Build autonomous coding loops where an AI agent picks tasks, implements them, validates against backpressure (tests, builds), commits, and repeats — each iteration in a fresh context window.

Runnable example: recipe/ralph_loop.py

From the repository root, install dependencies and run:

pip install -r cookbook/copilot-sdk/python/recipe/requirements.txt
python cookbook/copilot-sdk/python/recipe/ralph_loop.py

Make sure PROMPT_build.md and PROMPT_plan.md exist in your current working directory before running the loop.

What is a Ralph Loop?

A Ralph loop is an autonomous development workflow where an AI agent iterates through tasks in isolated context windows. The key insight: state lives on disk, not in the model's context. Each iteration starts fresh, reads the current state from files, does one task, writes results back to disk, and exits.

┌─────────────────────────────────────────────────┐
│                   loop.sh                       │
│  while true:                                    │
│    ┌─────────────────────────────────────────┐  │
│    │  Fresh session (isolated context)       │  │
│    │                                         │  │
│    │  1. Read PROMPT.md + AGENTS.md          │  │
│    │  2. Study specs/* and code              │  │
│    │  3. Pick next task from plan            │  │
│    │  4. Implement + run tests               │  │
│    │  5. Update plan, commit, exit           │  │
│    └─────────────────────────────────────────┘  │
│    ↻ next iteration (fresh context)             │
└─────────────────────────────────────────────────┘

Core principles:

  • Fresh context per iteration: Each loop creates a new session — no context accumulation, always in the "smart zone"
  • Disk as shared state: IMPLEMENTATION_PLAN.md persists between iterations and acts as the coordination mechanism
  • Backpressure steers quality: Tests, builds, and lints reject bad work — the agent must fix issues before committing
  • Two modes: PLANNING (gap analysis → generate plan) and BUILDING (implement from plan)

Simple Version

The minimal Ralph loop — the SDK equivalent of while :; do cat PROMPT.md | claude ; done:

import asyncio
from pathlib import Path
from copilot import CopilotClient, MessageOptions, SessionConfig


async def ralph_loop(prompt_file: str, max_iterations: int = 50):
    client = CopilotClient()
    await client.start()

    try:
        prompt = Path(prompt_file).read_text()
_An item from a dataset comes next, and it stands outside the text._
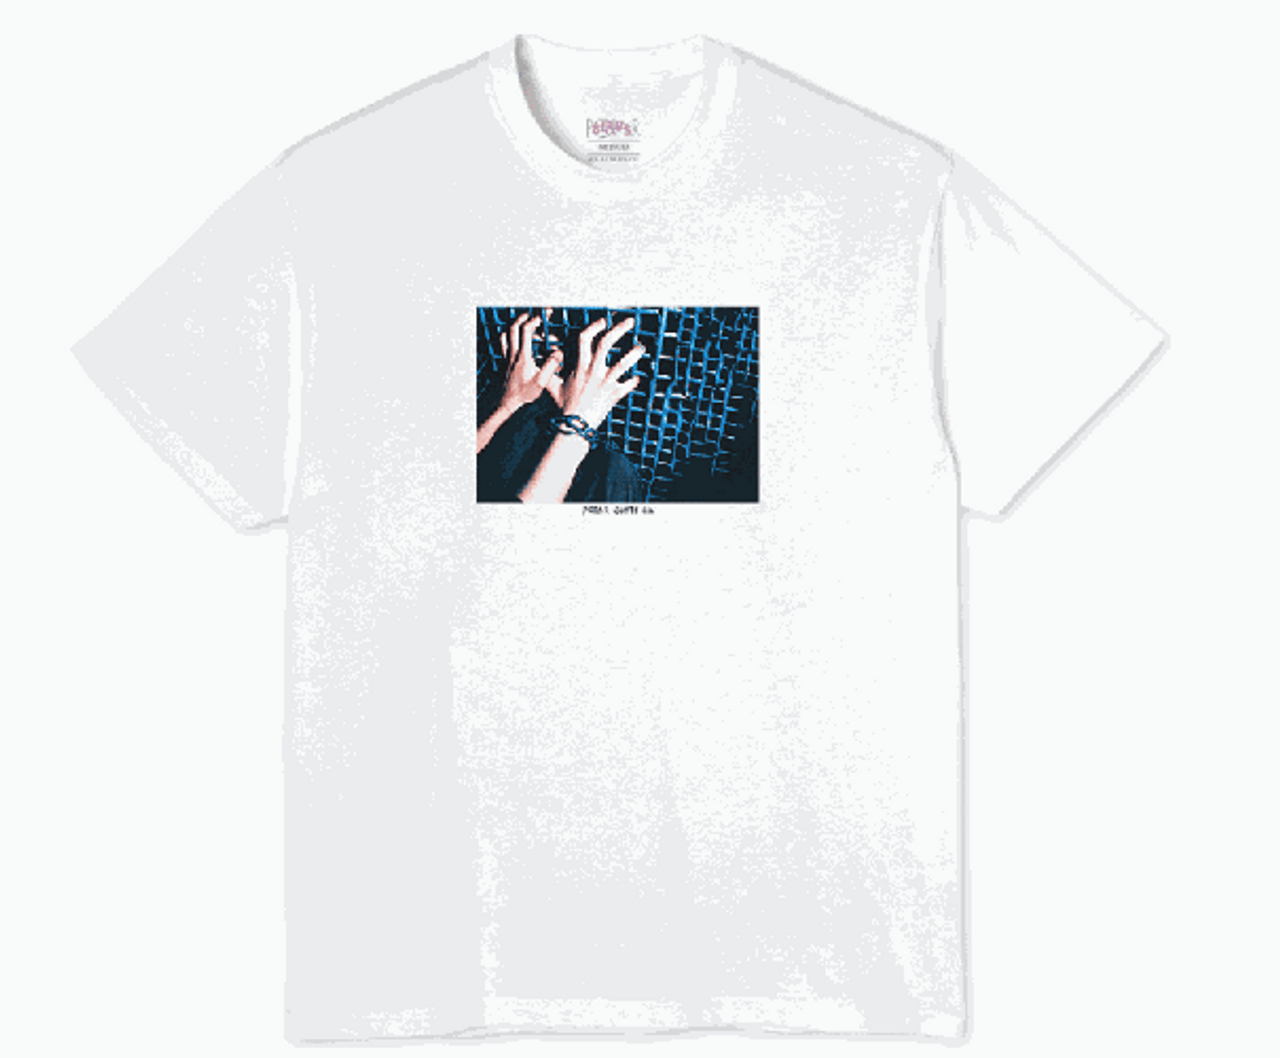 Polar Caged Hands White Tshirt MD
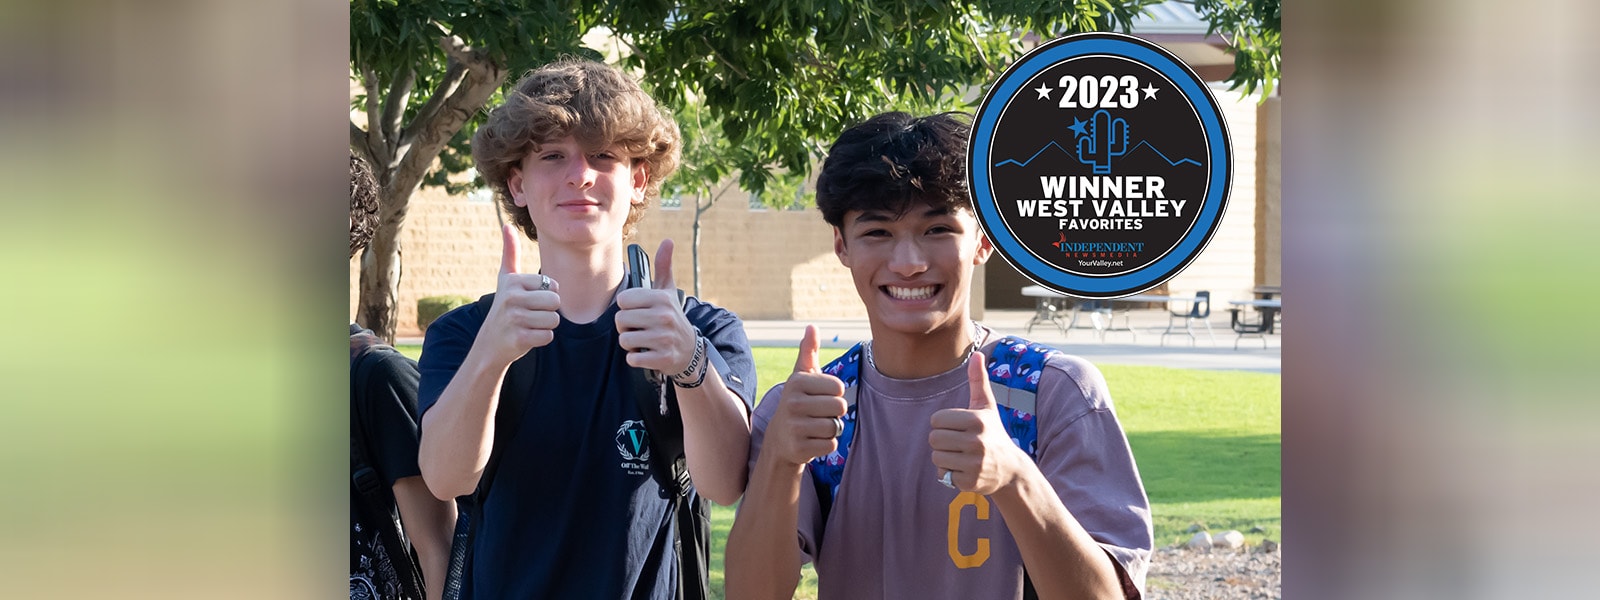 Students giving a thumbs up with West Valley Favorites logo.

        for i in range(1, max_iterations + 1):
            print(f"\n=== Iteration {i}/{max_iterations} ===")

            # Fresh session each iteration — context isolation is the point
            session = await client.create_session(
                SessionConfig(model="gpt-5.1-codex-mini")
            )
            try:
                await session.send_and_wait(
                    MessageOptions(prompt=prompt), timeout=600
                )
            finally:
                await session.destroy()

            print(f"Iteration {i} complete.")
    finally:
        await client.stop()


# Usage: point at your PROMPT.md
asyncio.run(ralph_loop("PROMPT.md", 20))

This is all you need to get started. The prompt file tells the agent what to do; the agent reads project files, does work, commits, and exits. The loop restarts with a clean slate.

Ideal Version

The full Ralph pattern with planning and building modes, matching the Ralph Playbook architecture:

import asyncio
import sys
from pathlib import Path

from copilot import CopilotClient, MessageOptions, SessionConfig


async def ralph_loop(mode: str = "build", max_iterations: int = 50):
    prompt_file = "PROMPT_plan.md" if mode == "plan" else "PROMPT_build.md"
    client = CopilotClient()
    await client.start()

    print("━" * 40)
    print(f"Mode:   {mode}")
    print(f"Prompt: {prompt_file}")
    print(f"Max:    {max_iterations} iterations")
    print("━" * 40)

    try:
        prompt = Path(prompt_file).read_text()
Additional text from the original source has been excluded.